Inizia così la sconvolgente testimonianza di Farhad Bitani, ex capitano dell’esercito, un giovane uomo che ha attraversato da osservatore privilegiato la storia dell’Afghanistan: dal potere dei mujaheddin ai talebani fino al governo attuale, che vive sotto l’ombrello occidentale.
Farhad nasce a Kabul nel 1986, ultimo di sei fratelli. Suo padre è un generale dell’esercito di Mohammad Najibullah Ahmadzai, il quarto e ultimo presidente della Repubblica Democratica dell’Afghanistan. Ma, con la presa del potere da parte dei 
mujaheddin, nel 1992, le cose cambiano. Solo rinnegando il passato e diventando un mujahed, il padre di Farhad avrà salva la vita.
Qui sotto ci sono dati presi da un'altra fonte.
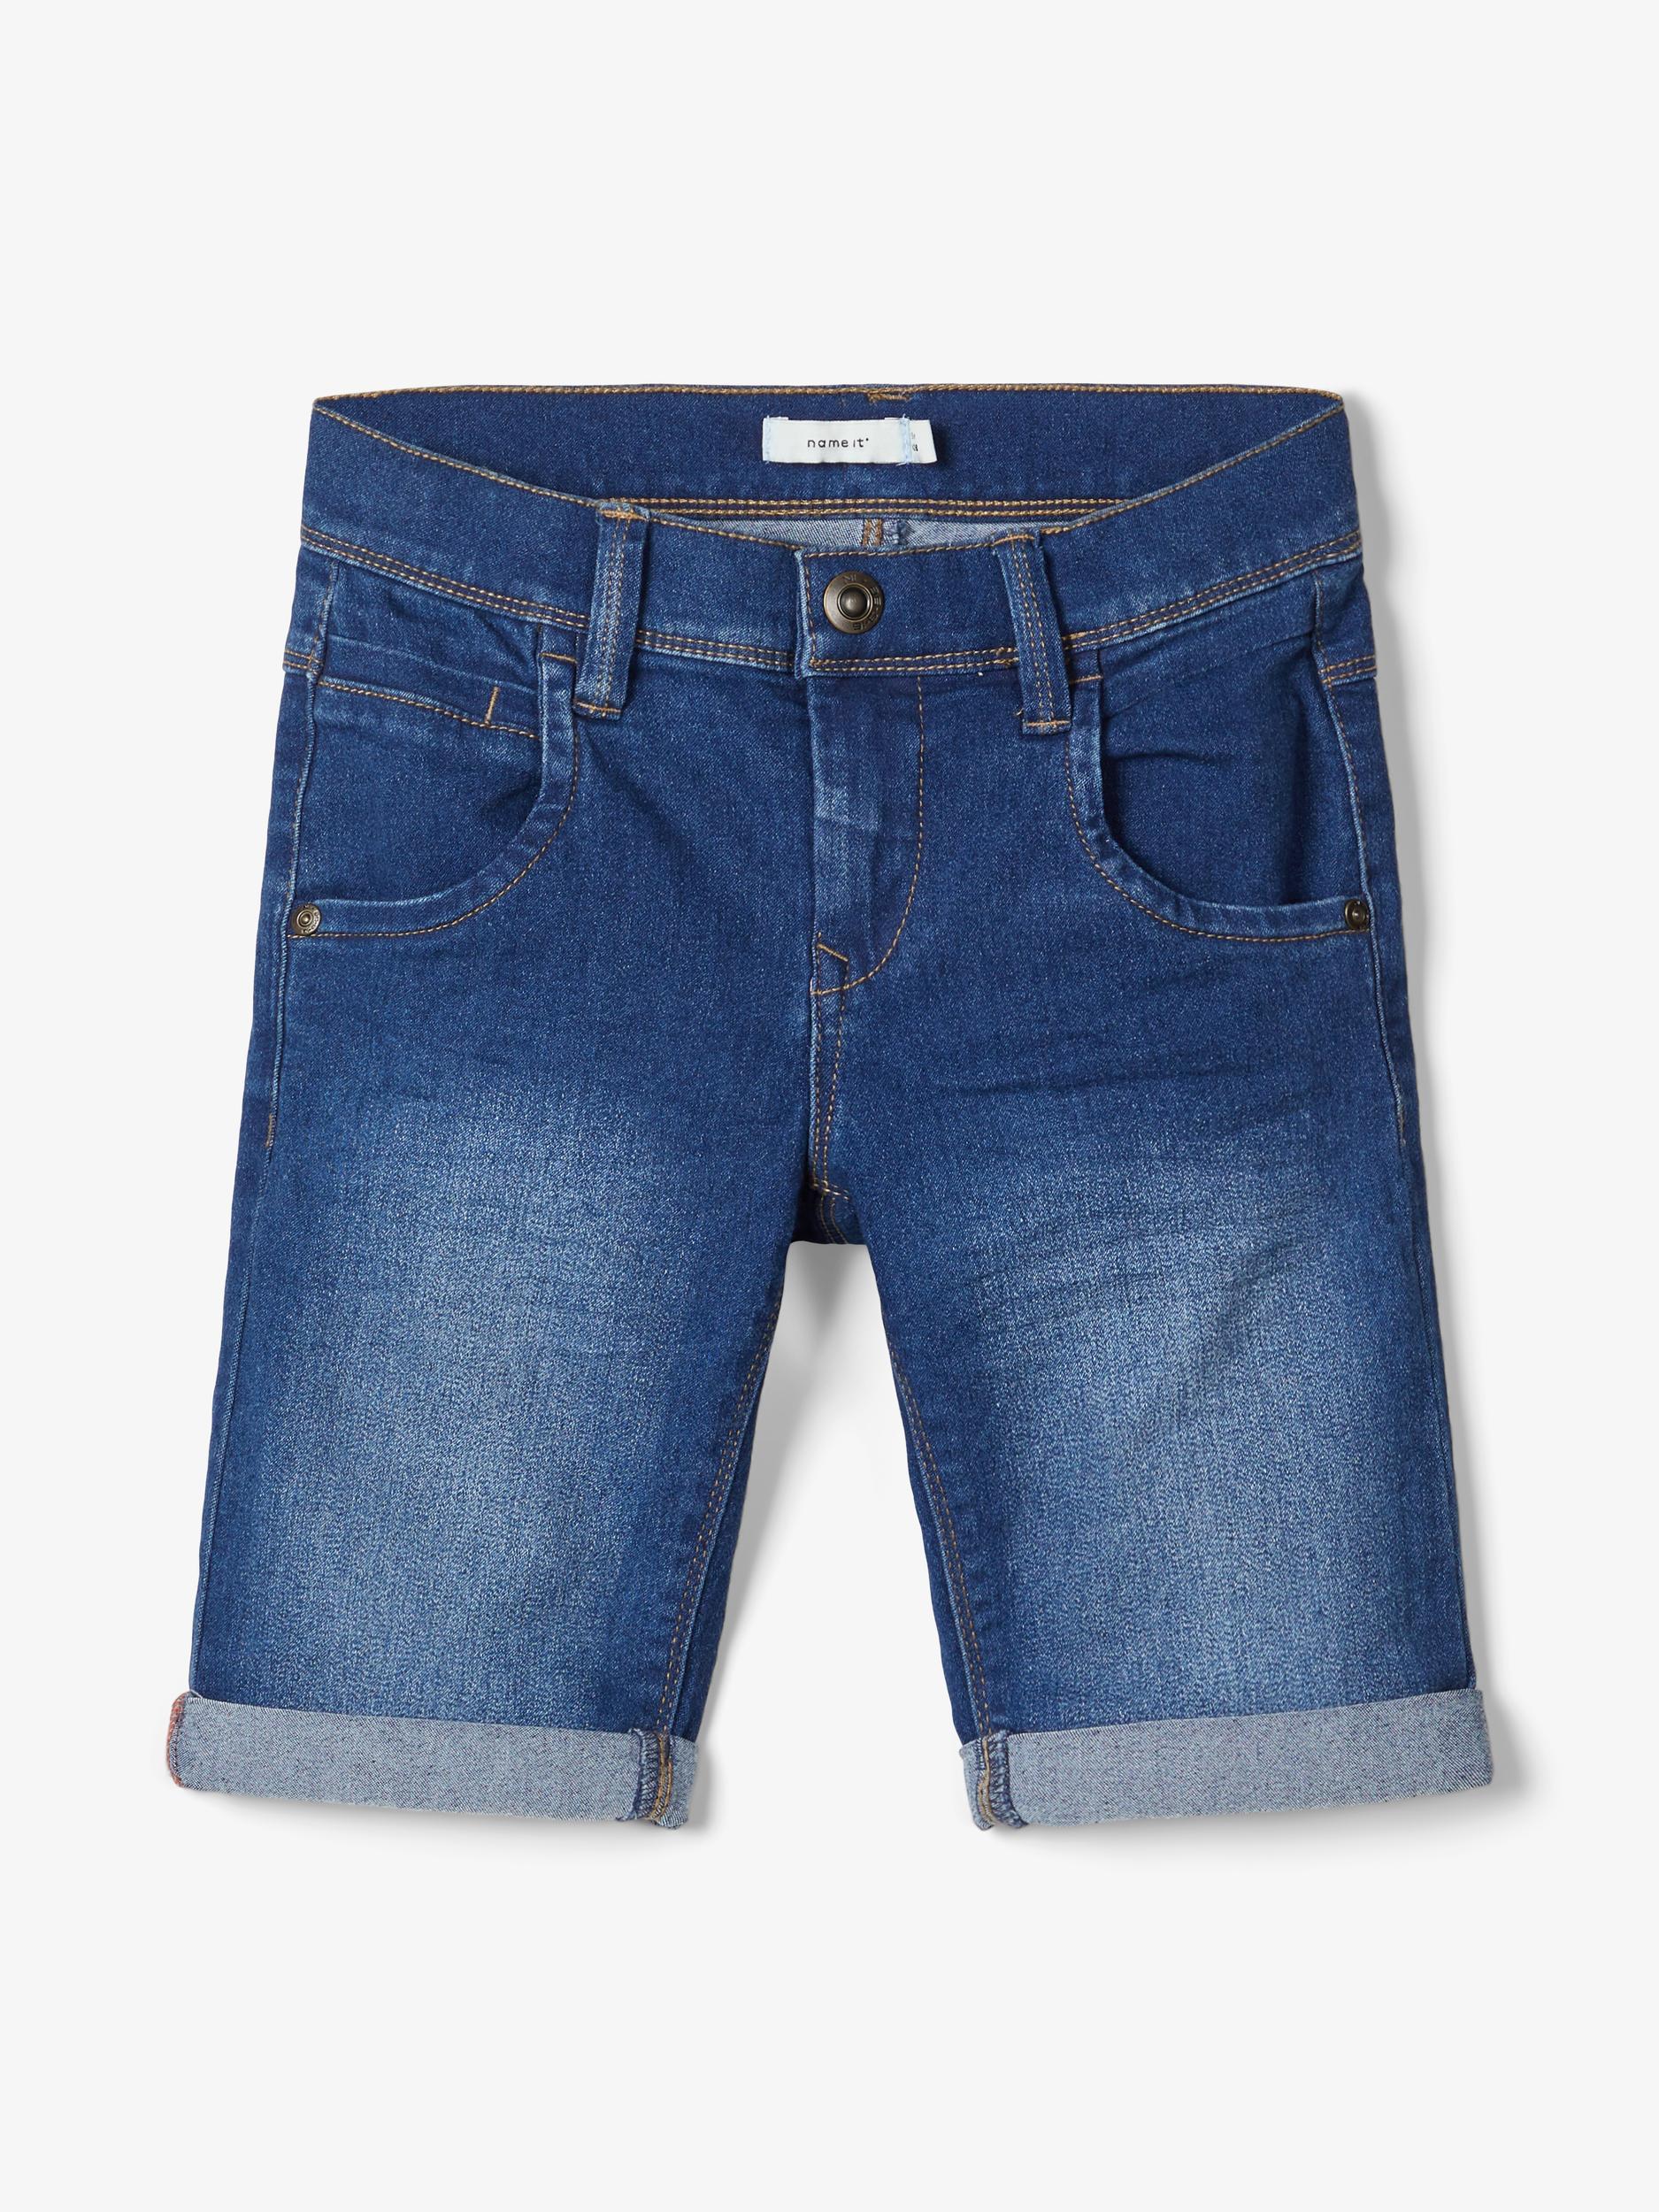 Name It Sofus lange shorts, medium blue denim, 116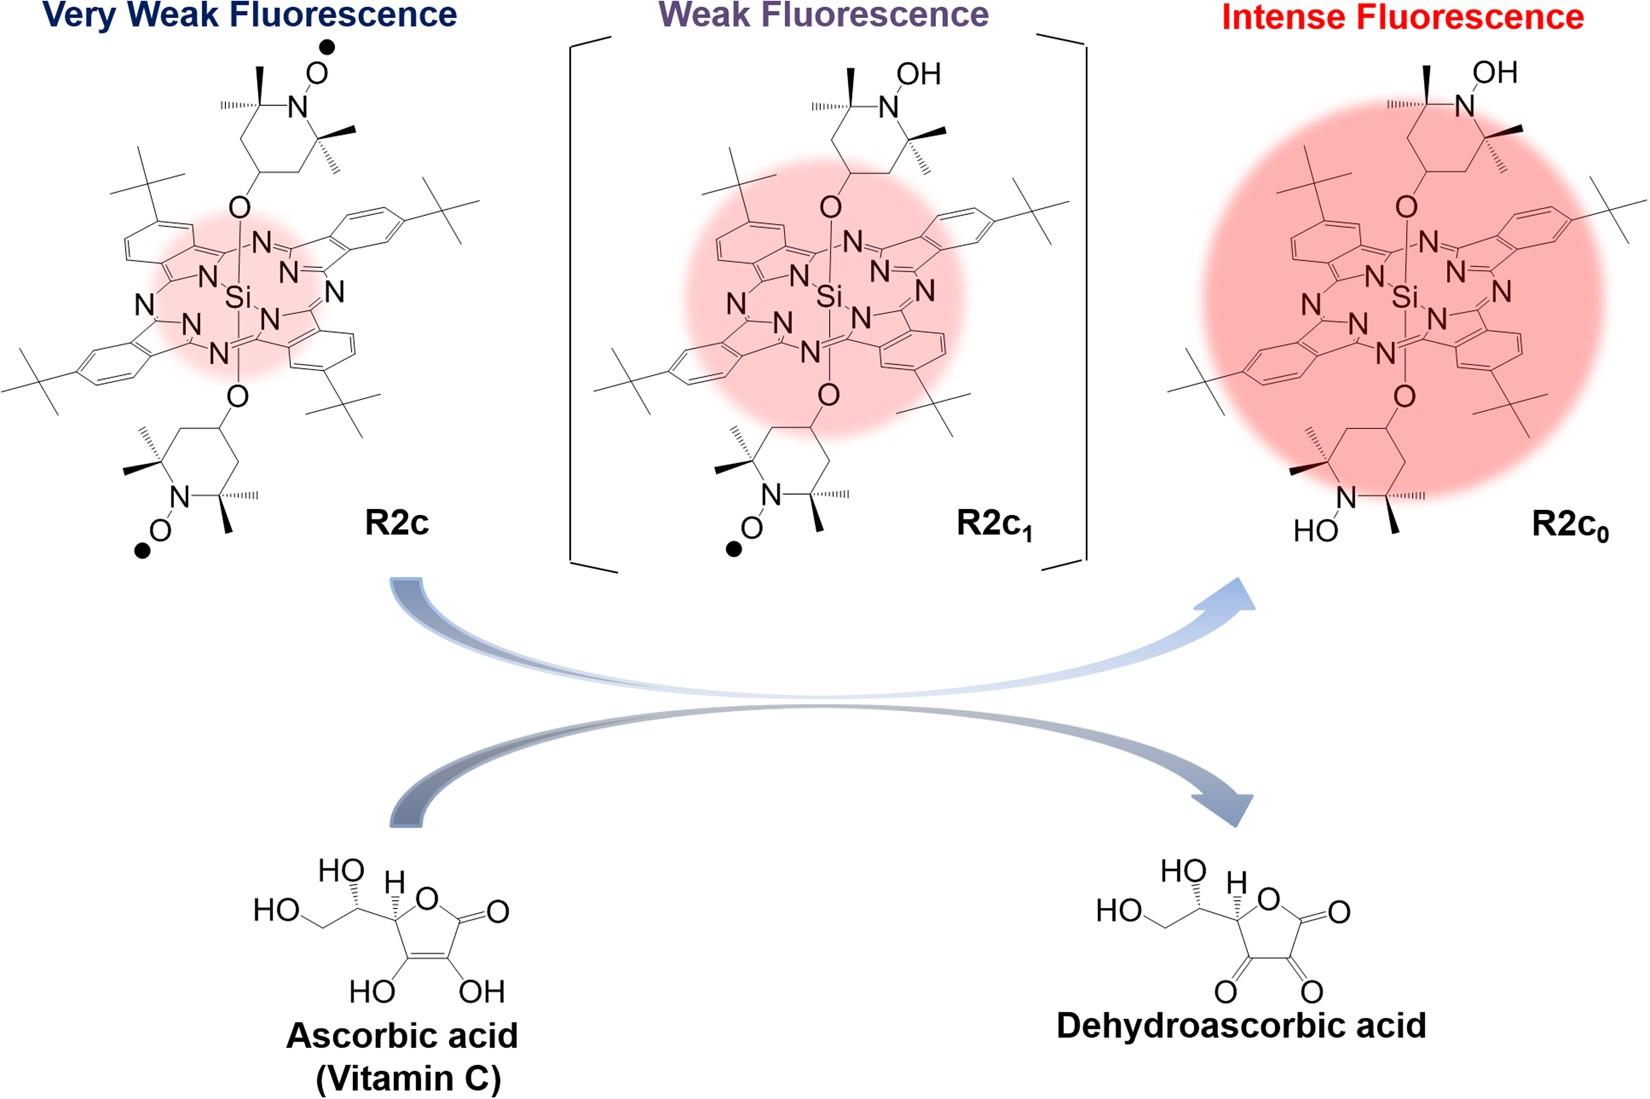 In Vivo Fluorescence Bioimaging Of Ascorbic Acid Mice V C Injection Original Per Box Development An Efficient Probe Consisting Phthalocyanine Tempo And Albumin Scientific

Da quel momento l’esistenza del giovane Farhad cambia radicalmente. La sua famiglia si trasferisce in una grande casa, presidiata dagli uomini della scorta. È a loro che Farhad chiede in prestito le armi, per i suoi giochi di bambino. Quello che sogna è un futuro da combattente, alla testa di un manipolo di uomini. Sparare, uccidere, avere potere e ricchezza: non c’è nulla che desideri di più. Ma le cose sono destinate a mutare ancora. Quando i talebani strappano il potere ai mujaheddin, la sua famiglia cade in disgrazia. Mentre suo padre si trova in prigione, Farhad conosce la fame, la miseria, l’indottrinamento forzato all’Islam. Condotto allo stadio, viene costretto ad assistere alle lapidazioni del venerdì, le punizioni per gli infedeli, coloro che trasgrediscono le leggi del fondamentalismo. Sarebbe facile cedere all’imbarbarimento, credere a ciò che viene inculcato, diventare come coloro che professano la pace, alimentando la guerra. Ma se fosse possibile un destino diverso? Si può attraversare l’inferno e uscirne redenti?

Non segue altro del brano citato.